::: Dataset content :::
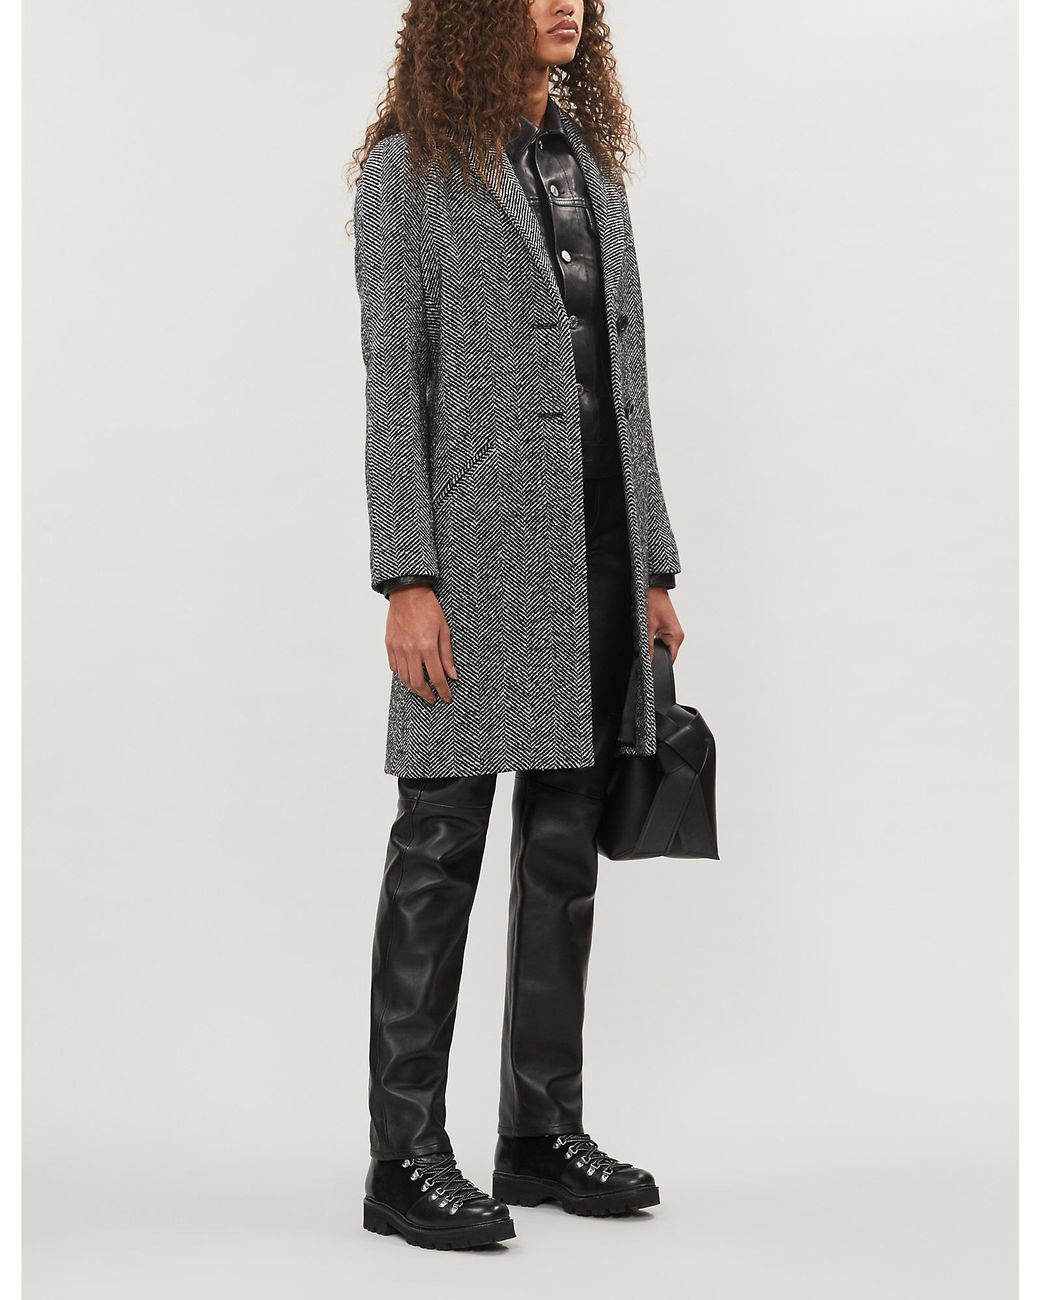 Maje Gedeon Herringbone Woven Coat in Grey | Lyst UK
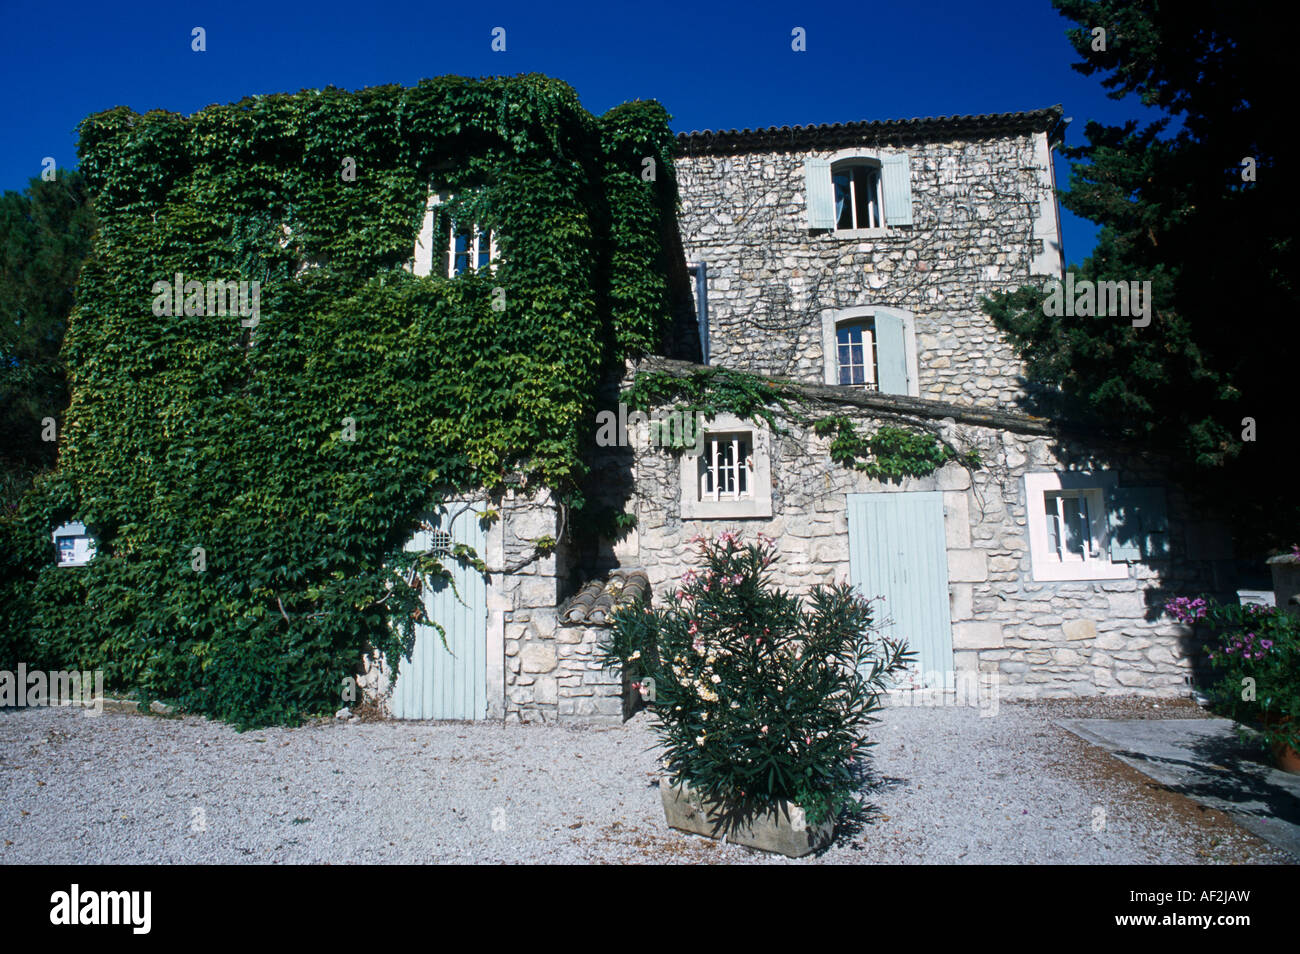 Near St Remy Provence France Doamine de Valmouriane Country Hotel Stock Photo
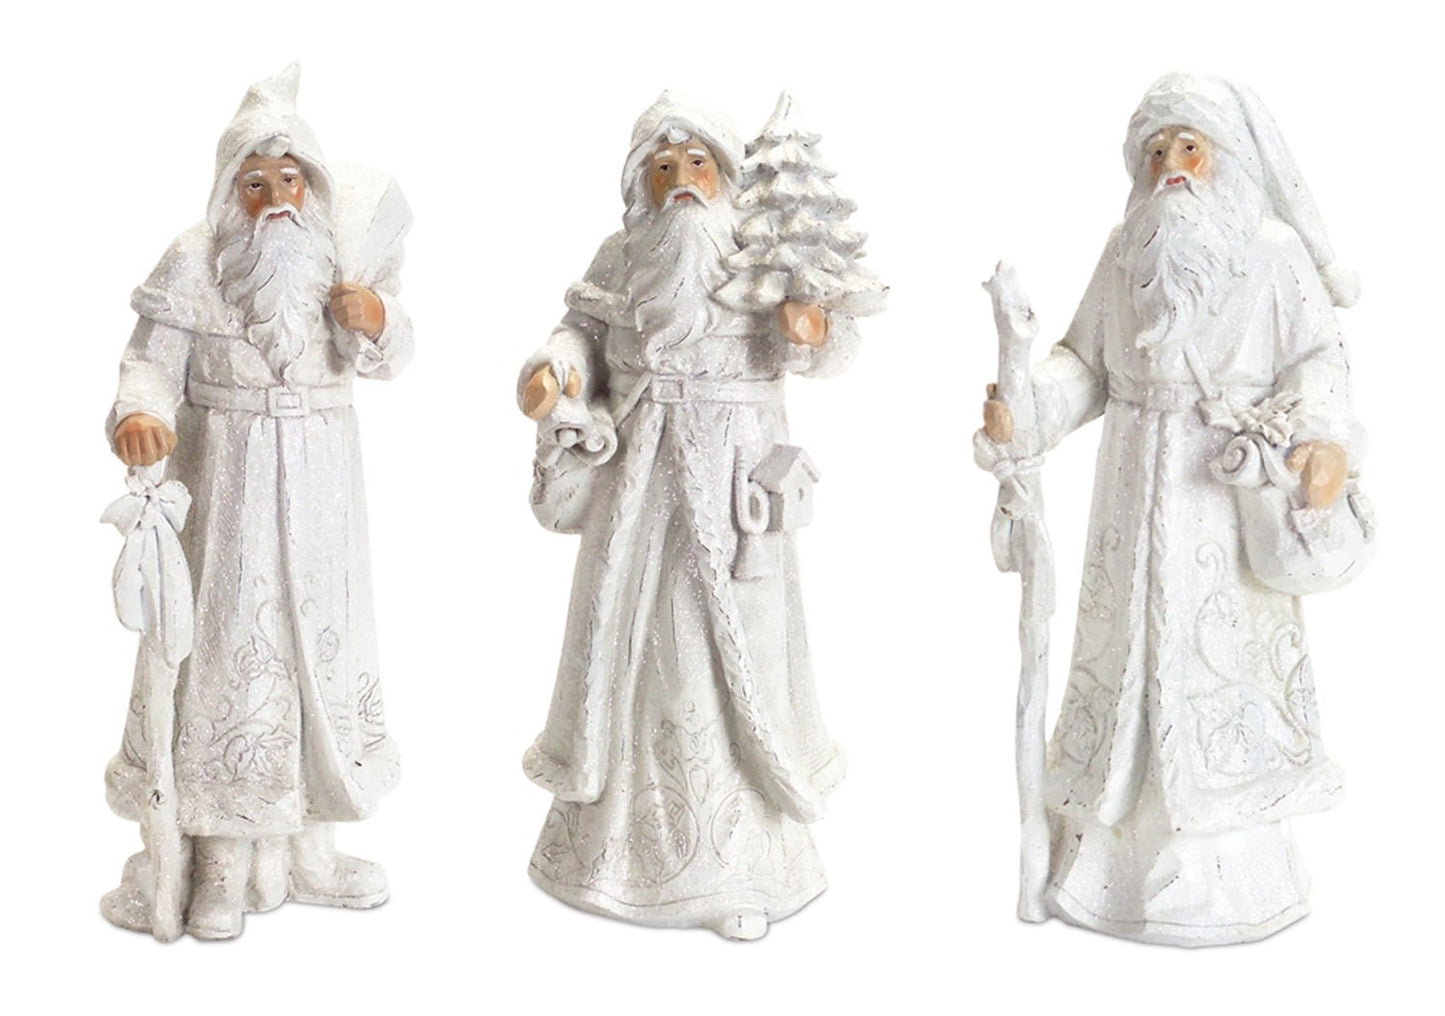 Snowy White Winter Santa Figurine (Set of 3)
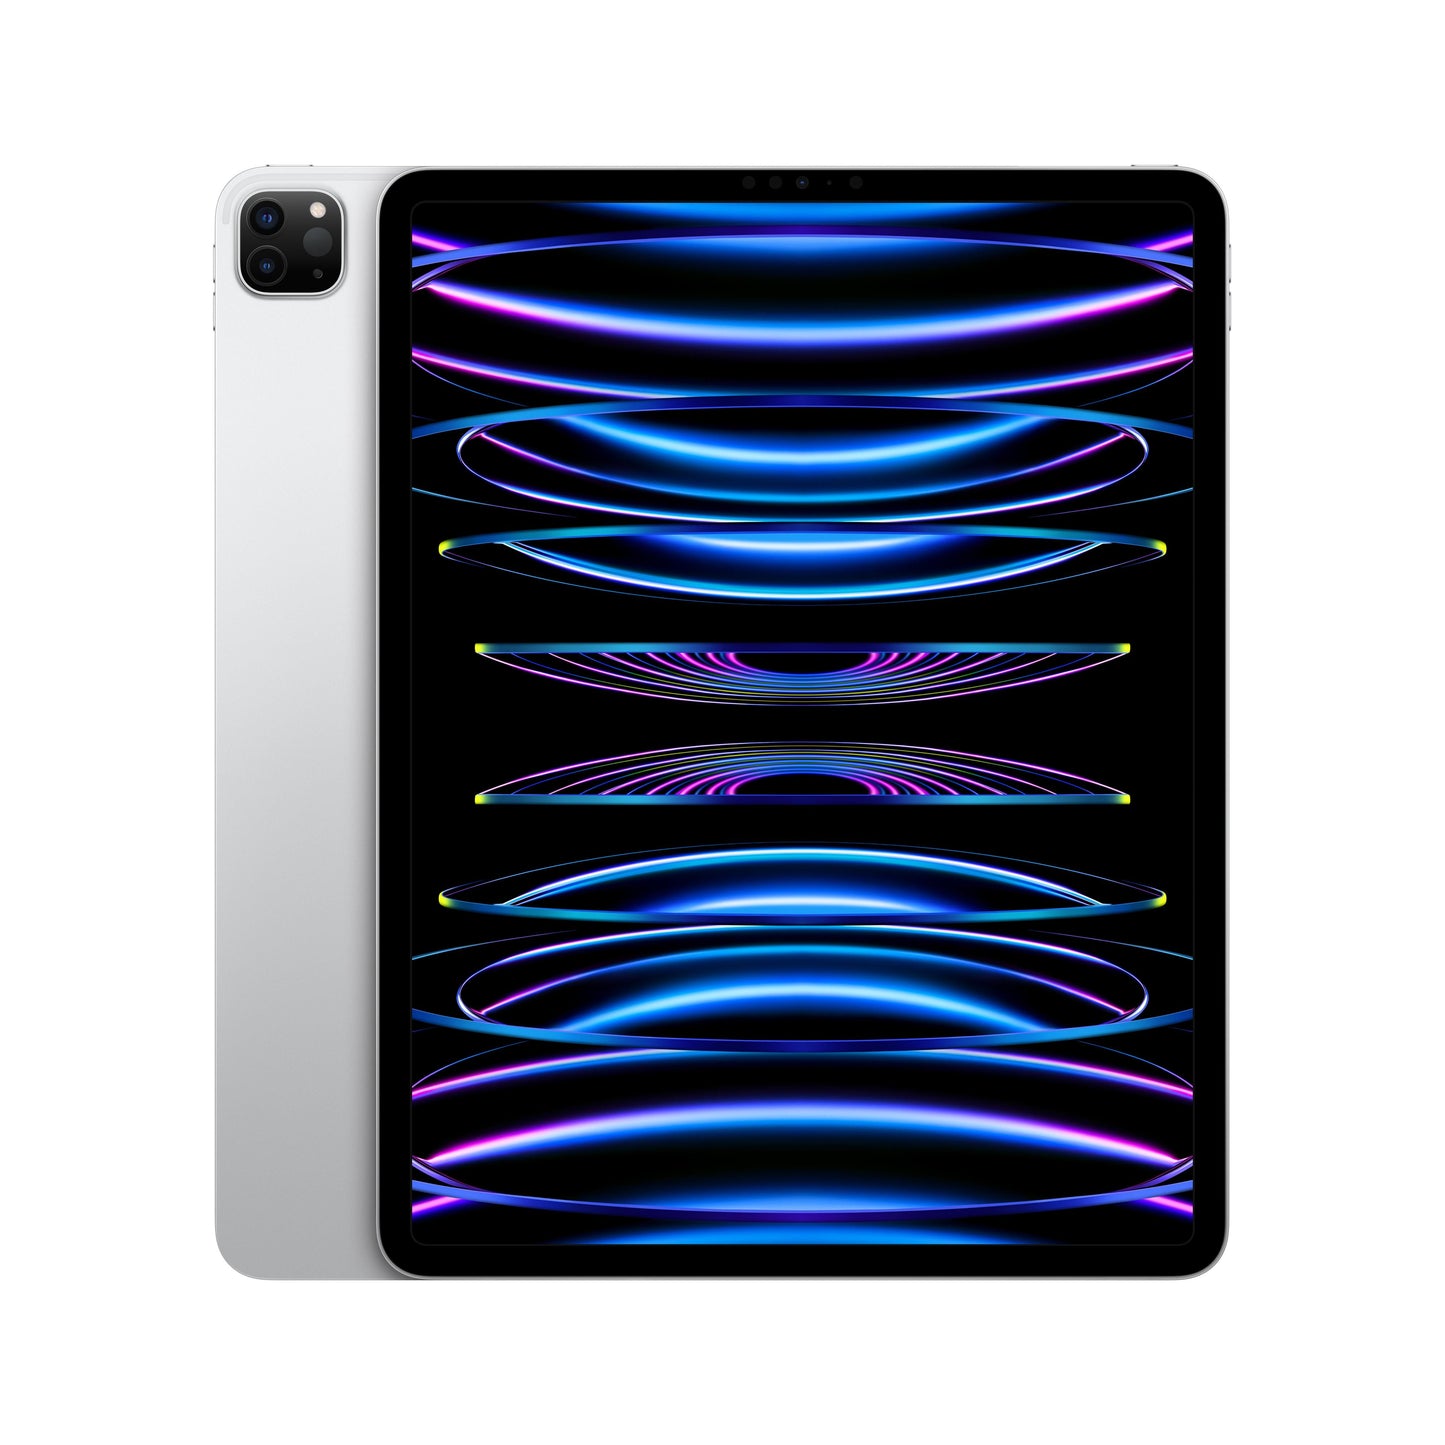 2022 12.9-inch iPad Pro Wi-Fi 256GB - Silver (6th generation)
:::
Once the pictures have been removed, reproduce each line of the material above exactly.

 Maje Gedeon Herringbone Woven Coat in Grey | Lyst UK
 Near St Remy Provence France Doamine de Valmouriane Country Hotel Stock Photo
 Snowy White Winter Santa Figurine (Set of 3)
 2022 12.9-inch iPad Pro Wi-Fi 256GB - Silver (6th generation)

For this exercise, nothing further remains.